Patent document EP 2 433 751 A2 illustrates a similar clamping device. Here, the rotation axis is mounted so as to be displaceable with respect to the drive within narrow limits. A further clamping device is known from the patent document EP 1 258 313 A2.

In the last two mentioned patents, EP 2 433 751 A2 and EP 1 258 313 A2, the pivot member is optionally designated as a lever element (see reference number 3 therein) or as an actuator (see reference number 5 therein). In these two solutions, as also in DE 102 38 815 B3, the position monitoring device, as can be seen from FIG. 4 of EP 2 433 751 A2 or respectively from FIG. 5 of EP 1 258 313 A2, is arranged laterally on the housing of the clamping device. It operates directly together with a position indicator arranged at the free end of the piston rod facing away from the piston drive.

For the sake of completeness, reference is also made to the more remote patent documents DE 88 11 579 U1, DE 90 16 781 U1, DE 198 24 579 C1, DE 199 06 641 A1, US 2004/0061268 A1, DE 10 2006 049 447 A1 and DE 20 2011 002 820 U1.

The disclosure is based on improving problems of the above described clamping device. In particular, a clamping device has an improved position detection. This problem is solved by a clamping device that comprises a drive with a linearly movable actuator. A position monitoring device detects the position of the actuator. A pivot member is operatively connected to the actuator and is rotatably mounted about an axis of rotation. The axis of rotation is stationary with respect to the drive. The position monitoring device, for detecting the position of the actuator, is designed to cooperate with the pivot member.

SUMMARY

According to the disclosure, the position monitoring device, for detecting the position of the actuator, is designed to cooperate with the pivot member.

In other words, the disclosure is distinguished, in particular, in that the linear movement of the pivot member, or respectively in particular of the piston rod, is firstly transformed or respectively translated into a rotary movement of the pivot member. The rotary movement of the pivot member is only subsequently detected by the position monitoring device. This provision has the advantage that a relatively great movement of the pivot member is able to be generated from a relatively small movement of the actuator, or respectively in particular of the piston rod. This leads to an improved position detection with a constant measurement accuracy per se of the position monitoring device.

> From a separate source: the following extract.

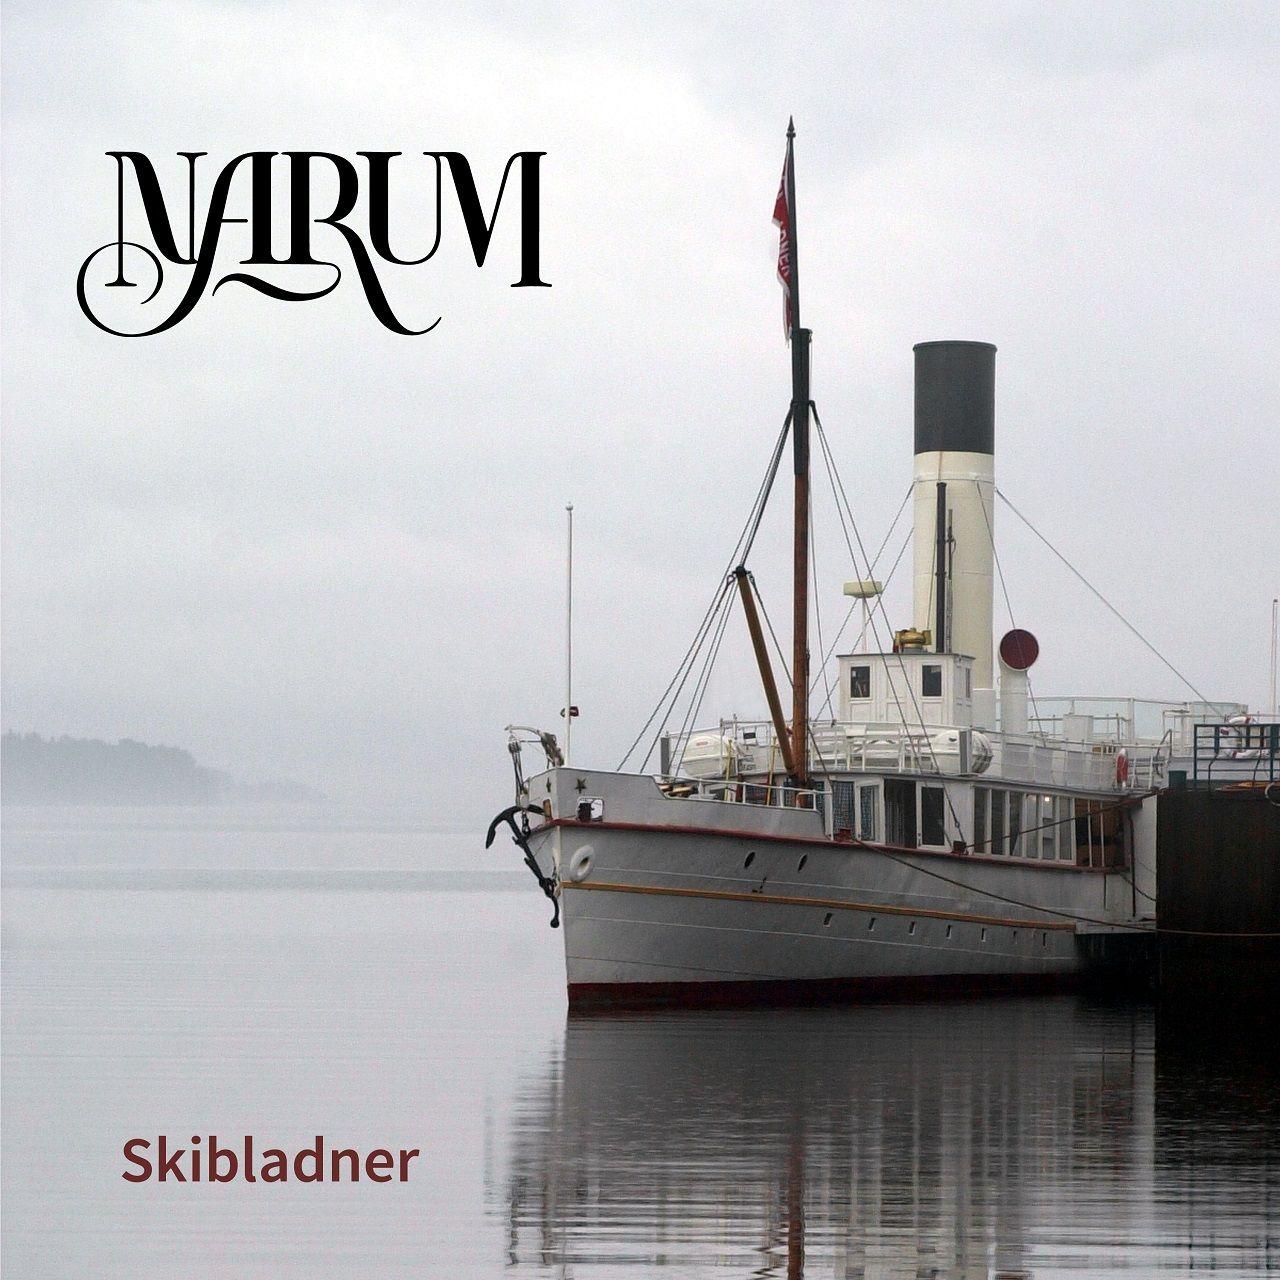 Plateomslag - Skibladner - Marum - drabantmusic.no

Other advantageous further developments of the clamping device according to the disclosure will emerge from the dependent claims and disclosure.

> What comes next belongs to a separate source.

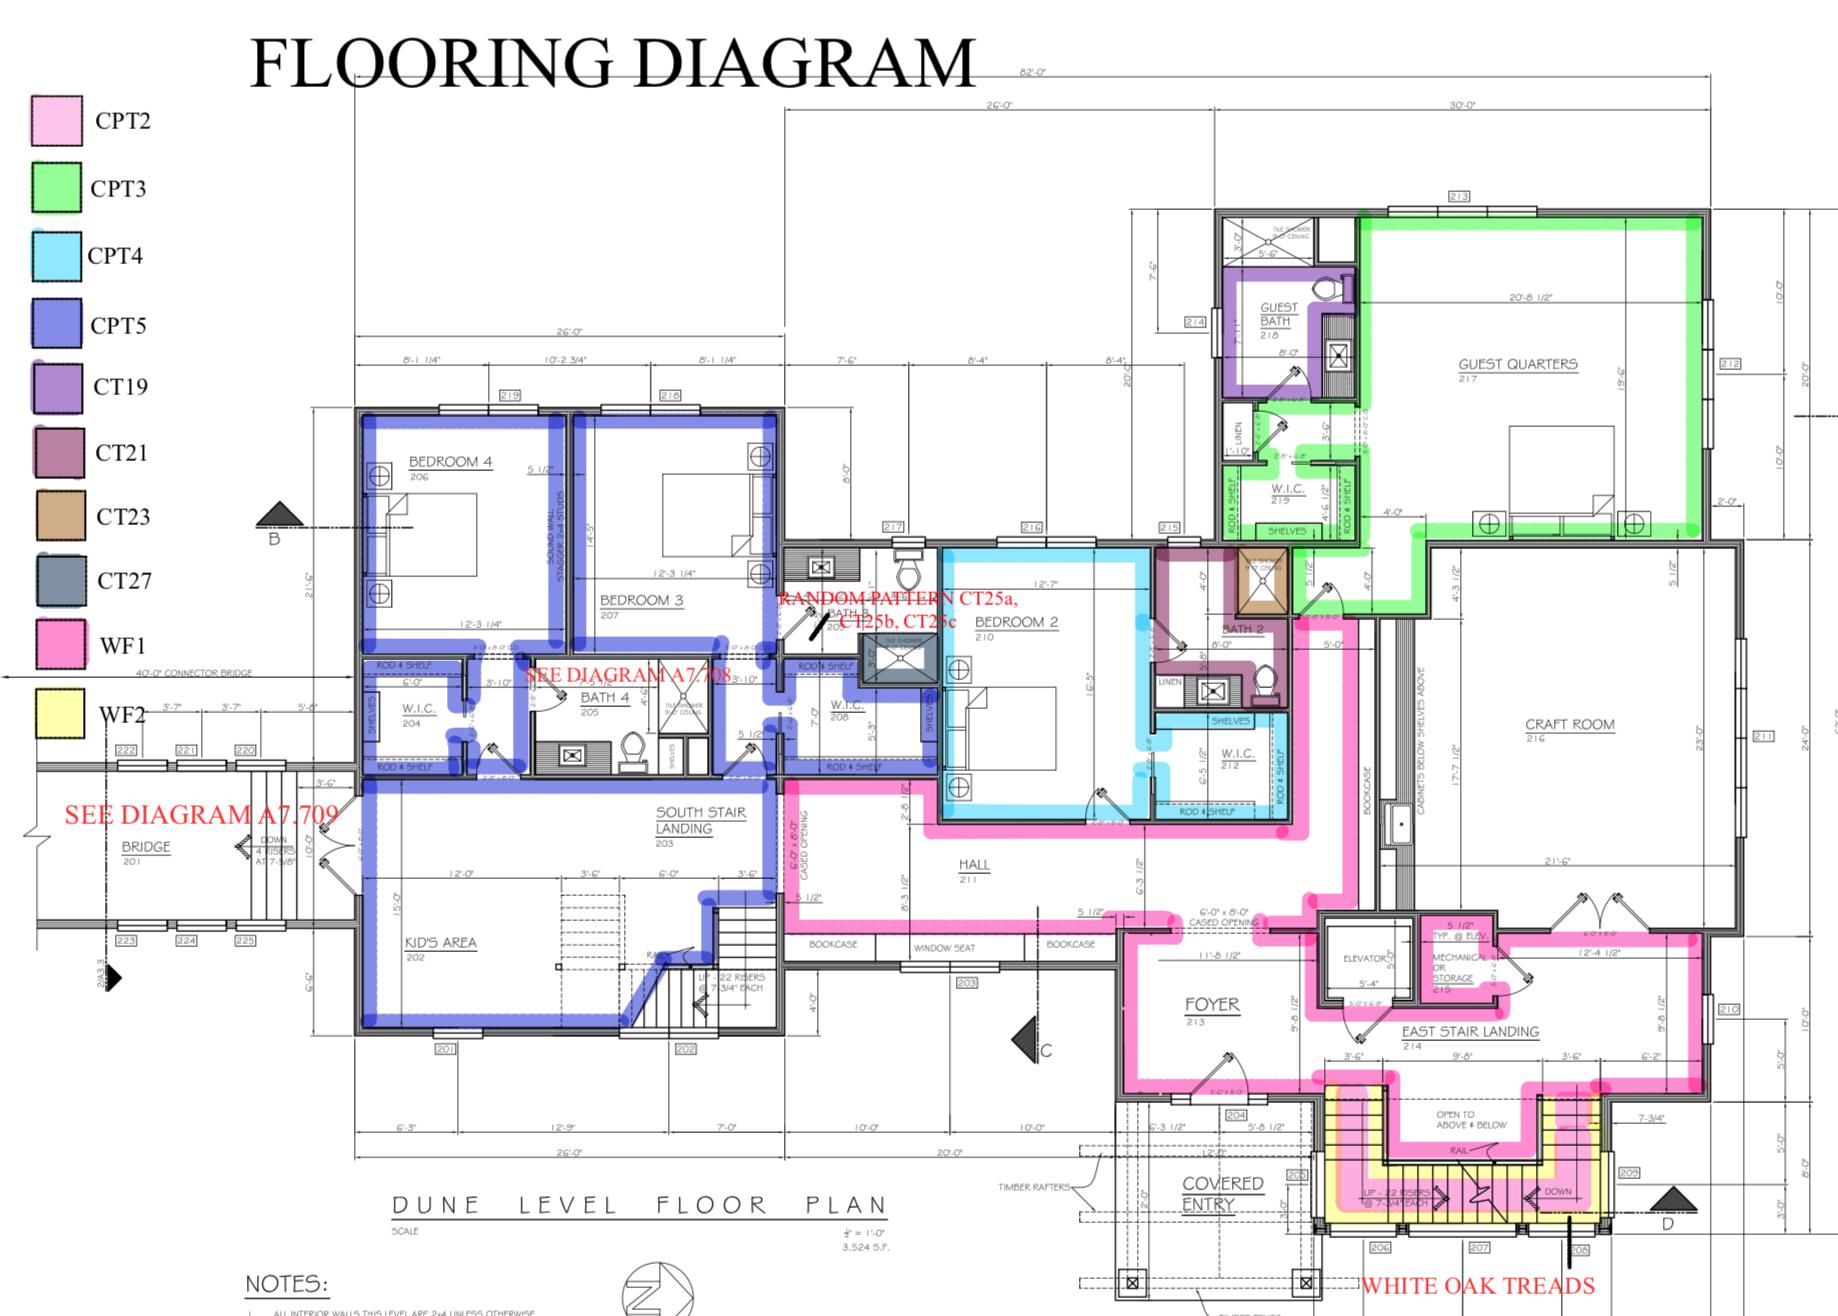 flooring diagram.png

The clamping device according to the disclosure, including its advantageous further developments according to the dependent claims, is explained in further detail below with the aid of the illustration by drawings of two example embodiments.

Further areas of applicability will become apparent from the description provided herein. The description and specific examples in this summary are intended for purposes of illustration only and are not intended to limit the scope of the present disclosure.

DRAWINGS

The drawings described herein are for illustrative purposes only of selected embodiments and not all possible implementations, and are not intended to limit the scope of the present disclosure.

FIG. 1 is a side view of a first embodiment of the clamping device in a fully opened position with an opening angle of 72°.

FIG. 2 is a top view of the clamping device according to FIG. 1 in fully opened position.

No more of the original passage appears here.